OPINIÃO – DEMOCRACIA COMEÇA PELA ÉTICA DOS JUÍZES – MINISTRO APOSENTADO CELSO DE MELLO – 19/12/2025

Postagem 19/12/2025 – 22 horas

“A Democracia Começa Pela Ética dos Juízes: Código de

Conduta Não Enfraquece o STF. Fortalece-o imensamente”

1. Integridade e imparcialidade como fundamentos da legitimidade e autoridade dos magistrados em geral

A[JI1]  legitimidade de um tribunal constitucional não se exaure na autoridade formal que a Constituição lhe confere. Ela se ancora, sobretudo, na confiança pública permanente quanto à independência, à imparcialidade e à integridade moral de seus julgadores. Em democracias constitucionais maduras, tal confiança não é presumida nem automática: constrói-se, preserva-se e renova-se mediante regras claras, condutas exemplares e transparência institucional.

É nesse contexto que se insere, com especial relevo, a iniciativa do Ministro Edson Fachin, Presidente do Supremo Tribunal Federal, orientada à adoção de um Código de Conduta para os Ministros do STF. Trata-se de providência de elevada densidade republicana, coerente com pronunciamentos públicos por ele proferidos — inclusive quando de sua posse na Presidência da Corte — e alinhada às melhores práticas observadas nas democracias constitucionais contemporâneas. Por sua inequívoca relevância institucional, essa iniciativa deve ser apoiada pela sociedade, pela comunidade jurídica e pelos meios acadêmicos, pois visa resguardar não apenas a dignidade pessoal dos Ministros, mas, sobretudo, a respeitabilidade do próprio Supremo Tribunal Federal.

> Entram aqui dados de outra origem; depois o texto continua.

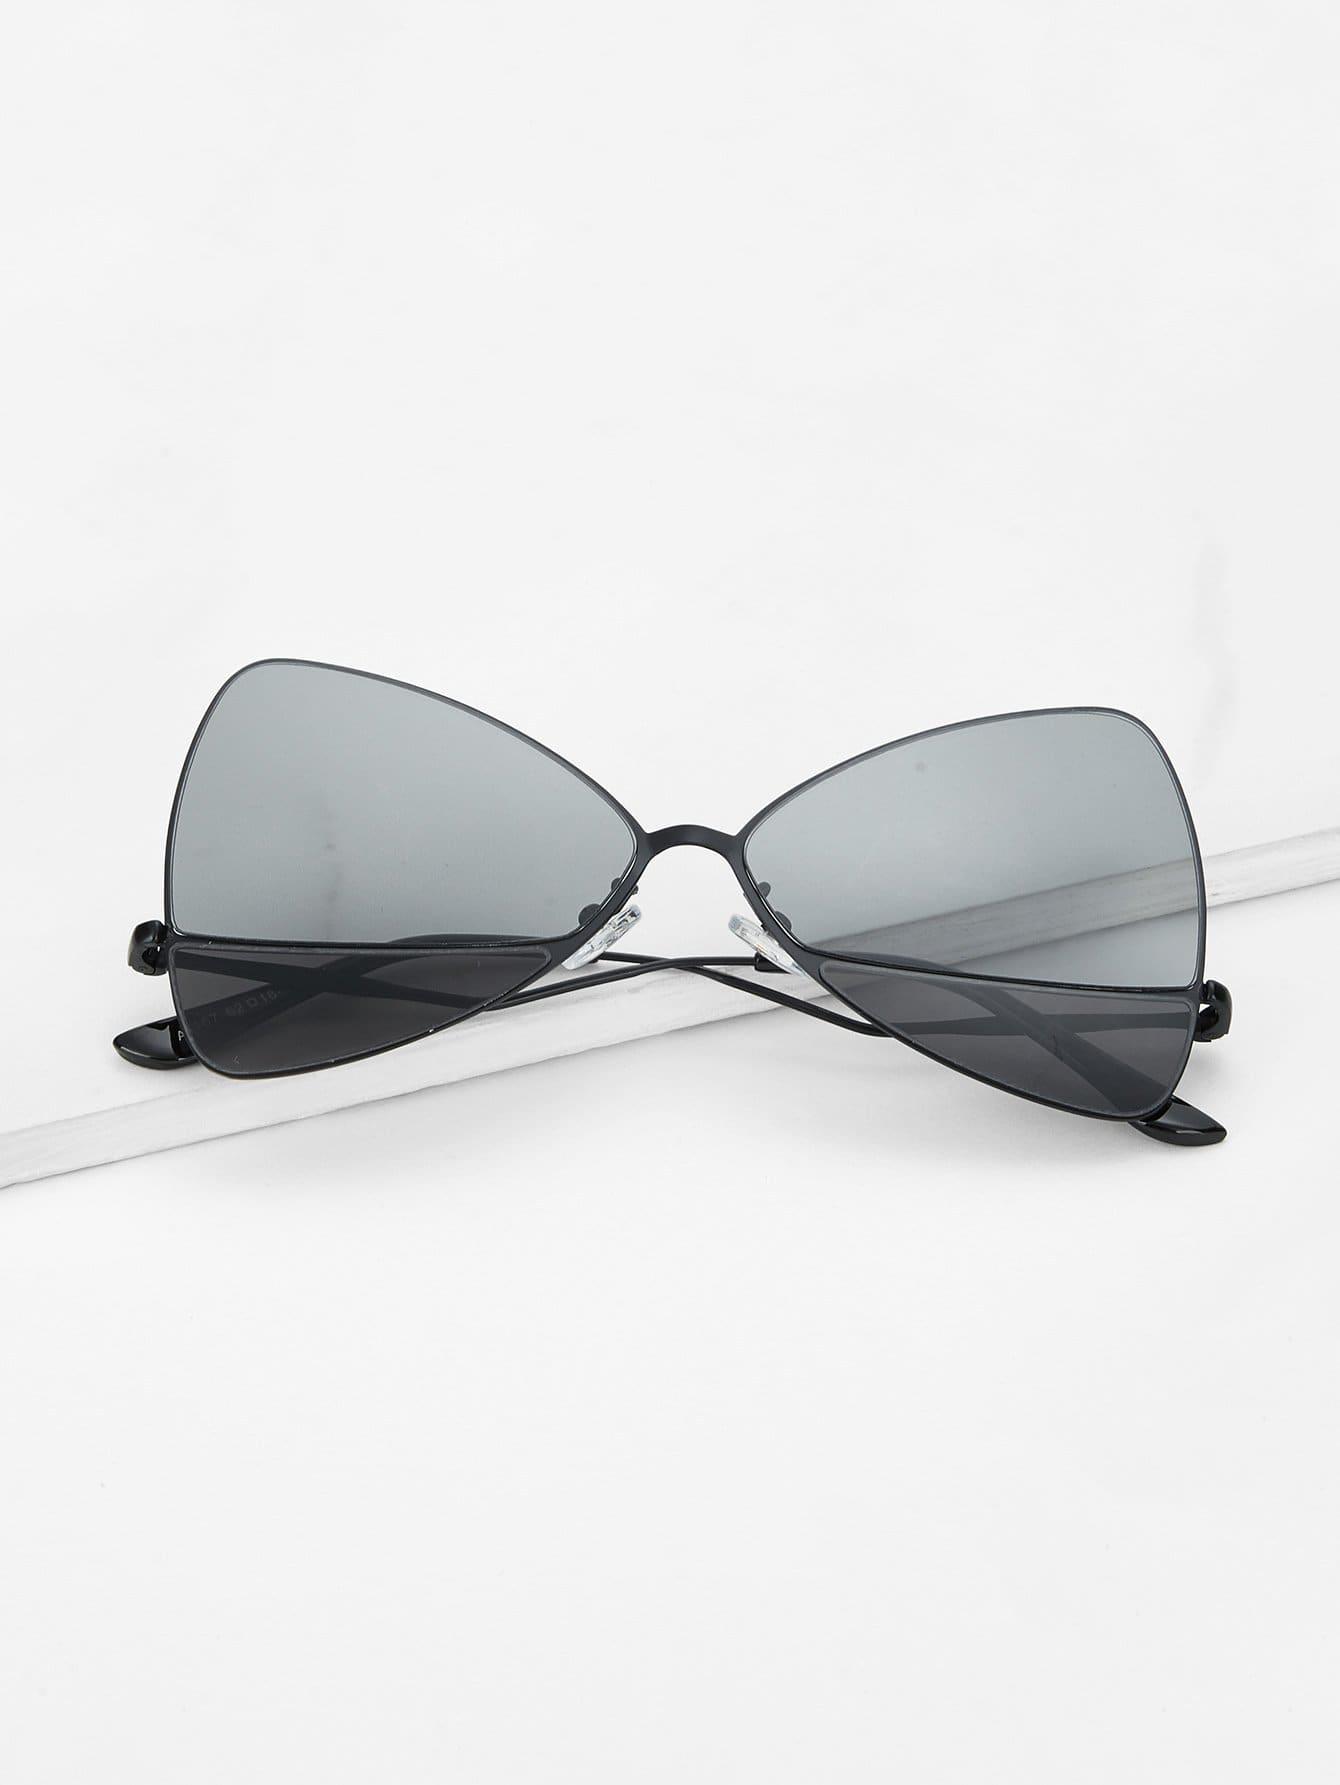 Triangle Shaped Lens Sunglasses triangle design mirror lens sunglasses

Do ponto de vista institucional, o STF exerce jurisdição sobre temas sensíveis e estruturantes da ordem constitucional, notadamente aqueles relativos (i) à separação de Poderes; (ii) à defesa dos direitos fundamentais e dos grupos vulneráveis; (iii) ao controle de constitucionalidade das leis e dos atos normativos; e (iv) à proteção da democracia e do Estado de Direito. 

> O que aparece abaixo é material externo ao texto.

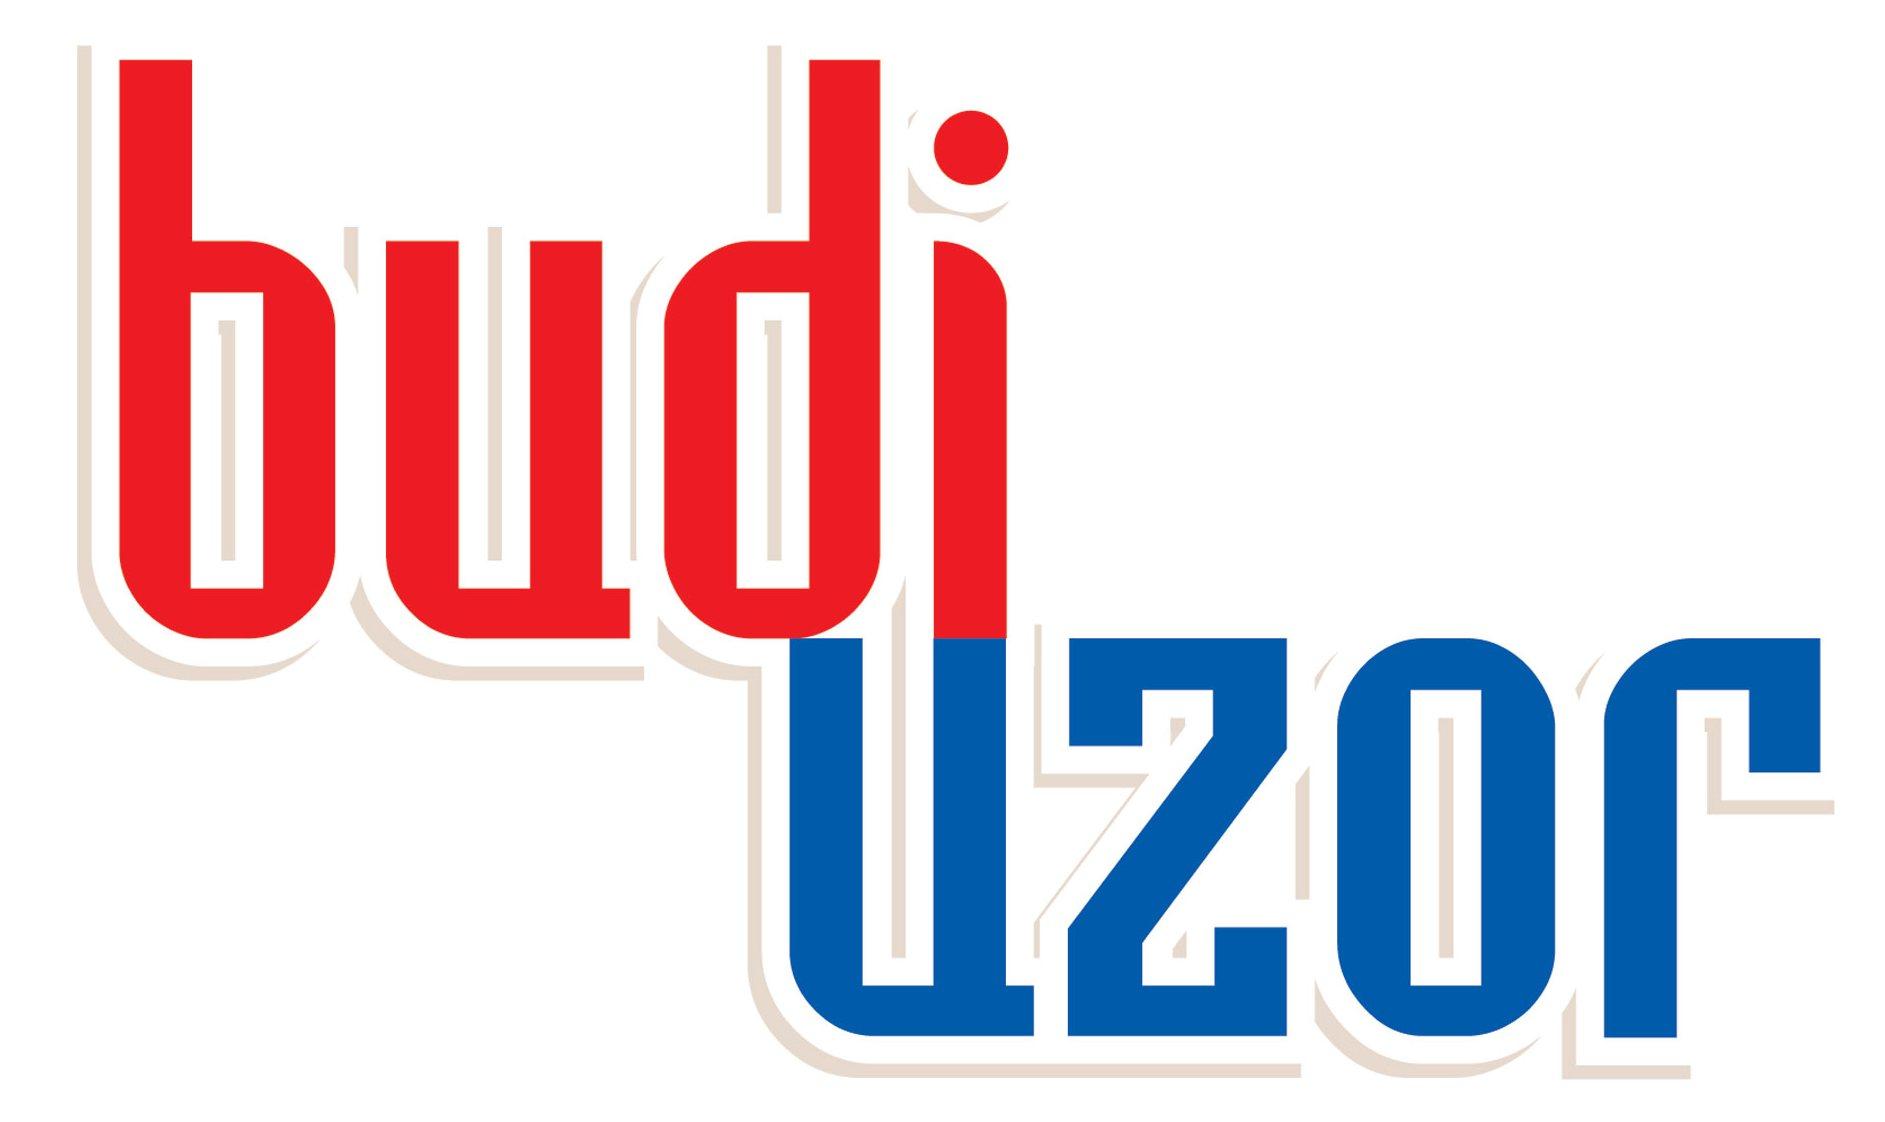 Projekt: BudiUzor

Quanto maior a responsabilidade constitucional atribuída a uma Corte Suprema, mais rigorosos devem ser os padrões éticos e de transparência exigidos de seus Juízes.

É por essa razão que um Código de Conduta dos Ministros do STF deve proclamar, como condição de seu efetivo respeito, princípios e critérios fundamentais que orientem a atuação jurisdicional e extrajudicial dos integrantes da Corte. Entre tais princípios e critérios, avultam, ao menos:

(a) a integridade e a independência do Poder Judiciário, reafirmando-se, desse modo, que a autoridade dos Ministros decorre não apenas da Constituição da República, mas também da confiança da sociedade, a ser incondicionalmente respeitada em cada ato funcional;

(b) a vedação de condutas impróprias ou com aparência de impropriedade, que impōe aos Juízes que não apenas sejam efetivamente imparciais, mas também que pareçam imparciais;

(c) o dever de desempenho isento, diligente e equidistante das funções judicantes, prevenindo atrasos indevidos por parte desses altos magistrados e buscando inibir-lhes qualquer comportamento que denote preferência ou proximidade com partes, Ministério Público ou Advogados; e

(d) a regulação rigorosa das atividades extrajudiciais, disciplinando a realização, sempre em caráter excepcional, de palestras remuneradas, participação em eventos patrocinados por terceiros, viagens, bem assim o recebimento de presentes ou de hospitalidades custeadas por terceiros.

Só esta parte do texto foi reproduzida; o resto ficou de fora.